The export is series-centric: one record per series, carrying the signals an agent needs to reason about a title without a second lookup —

  • Identity & metadata: title, alternate titles, type (manga/novel/…), status, year, summary, genres, tags, and the cross-provider external IDs (MyAnimeList, AniList, MangaUpdates, …) so the agent can correlate against what it already knows.
  • Availability: the published totals (totalVolumes / totalChapters) alongside the highest volume/chapter actually seen across linked releases — the difference between "this series has 12 volumes" and "12 volumes are available to grab" — plus a release count. The optional volumeCoverage / chapterCoverage fields (off by default) carry the full gap-preserving ranges: JSON exports them as a structured [{start, end}] list, CSV and Markdown as a compact 1-4; 6-9, so an agent can see exactly which volumes are missing, not just how far a series goes.
  • Rating on the normalized 0–10 scale.
  • Ownership: whether the series is on Codex and, if so, its completion status — the field that lets an agent skip recommending what you already have.

The series title is always included; every other field is opt-in via the field grid.

Choosing a format

FormatBest for
JSONFeeding an agent. Full fidelity, nests releases when asked.
CSVThe most token-efficient dump for a large catalog; opens in a spreadsheet. Flat, series-level only.
MarkdownA human-readable table you can skim or paste into a chat.

Include linked releases nests each series' individual releases (torrent title, source, volume/chapter span, link) under it. This applies to JSON and Markdown only — CSV is a flat table that can't hold a variable-length list, so it carries releaseCount instead and the toggle is disabled while CSV is selected.

Scoping with filters

Filters are collapsed by default — the whole-catalog dump is the common case — so the panel is an opt-in drawer; the header shows how many filters are active when you've set some. They mirror the Browse list's semantics, so what you'd see in the browser is what lands in the file. The most useful one for recommendations:

Set Codex status to Not on Codex to export only the series you don't already own — the natural input for "what should I read next?"
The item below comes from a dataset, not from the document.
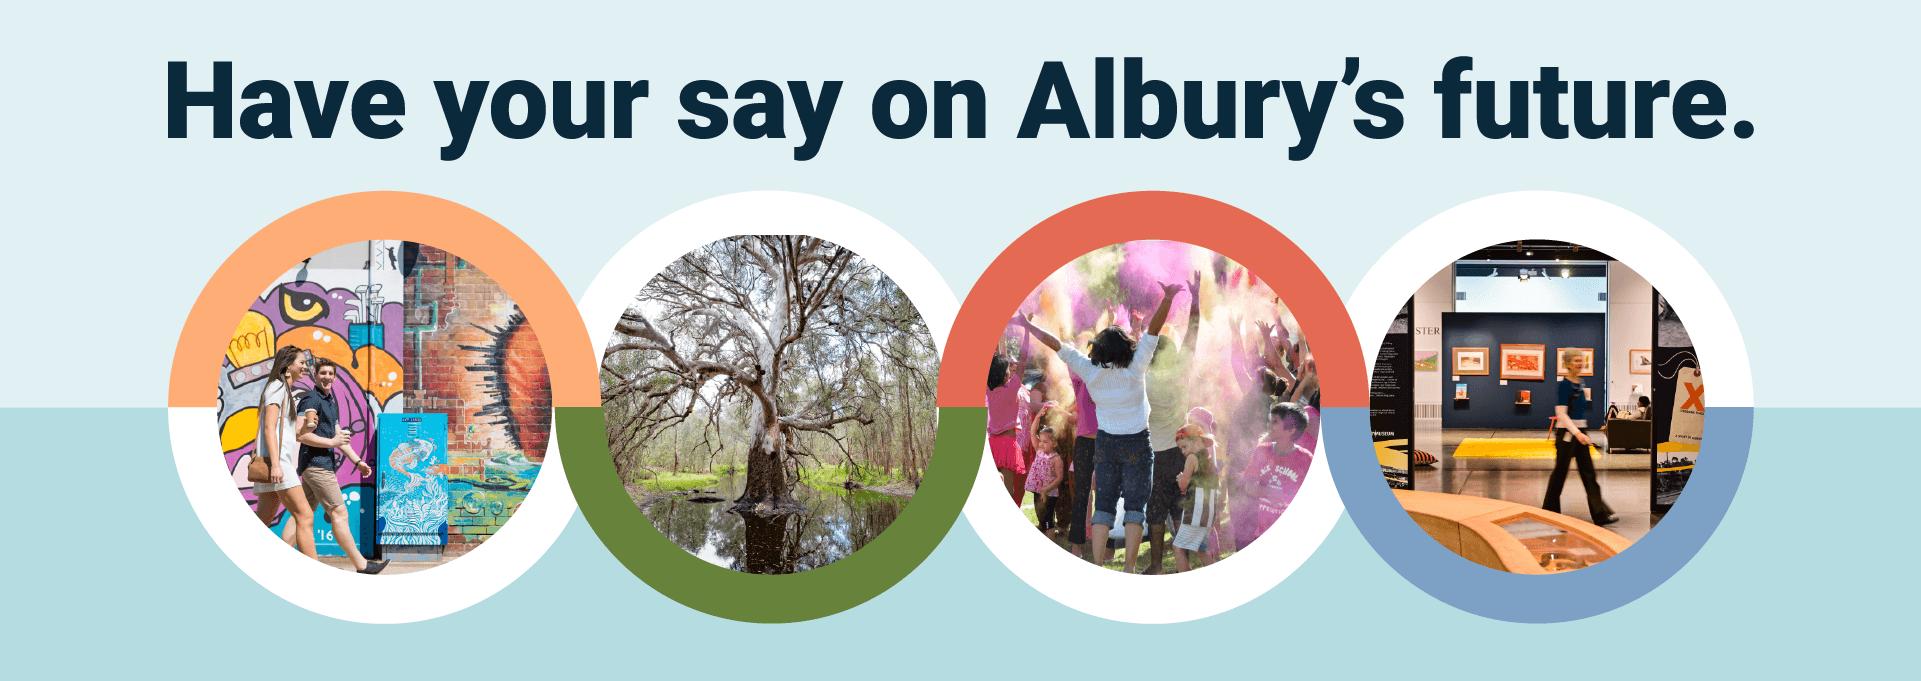 Albury 2050 Community Strategic Plan
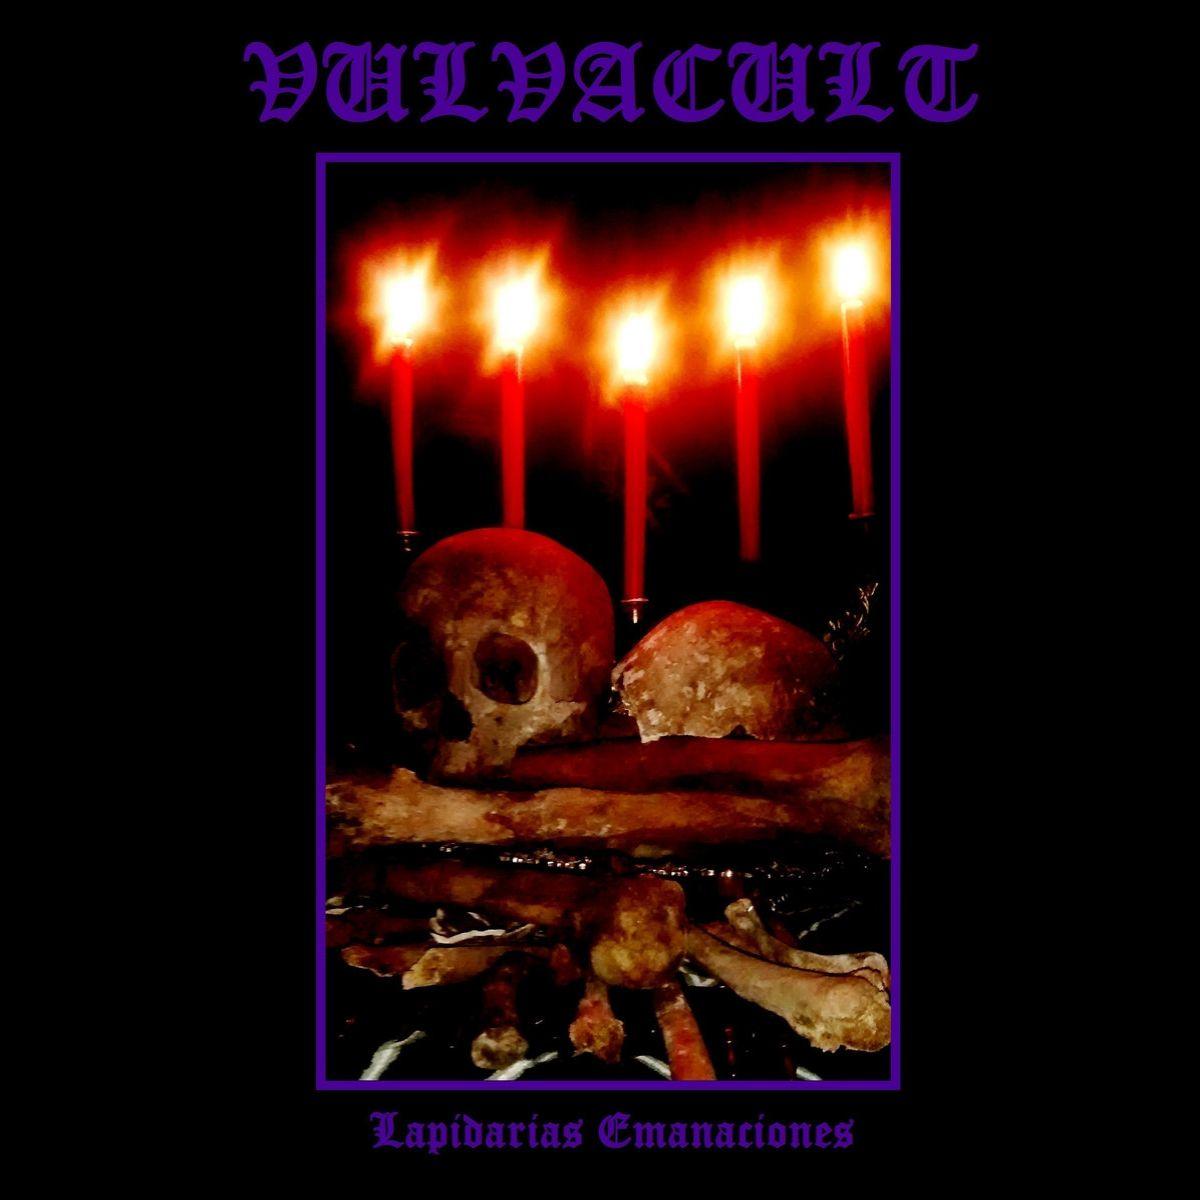 Vulvacult - Lapidarias Emanaciones

Type, status, Codex status, genres, and tags are multi-select (pick several values; matches within a field are OR-combined). Metadata source (manual vs provider-backed) and has-releases are single-choice. The dimensions are AND-combined with each other: Type ∈ {manga, manhwa} and Status = ongoing, for example.

note

Free-text search is intentionally not an export filter. Search is a relevance ranking, not a catalog filter; an export is a complete dump of everything matching the structured filters, so a ranked subset would be the wrong shape.

Choosing fields

The field grid groups the columns the same way you'd expect — Identity, Metadata, Availability, Ratings, Ownership. Select all / Clear toggle the lot; the title stays on regardless. Fewer fields make a smaller file, but for an agent there's rarely a reason to trim: more context is better. The bookkeeping fields (internal ID, cover URL, timestamps) are off by default because they're noise for a recommendation prompt.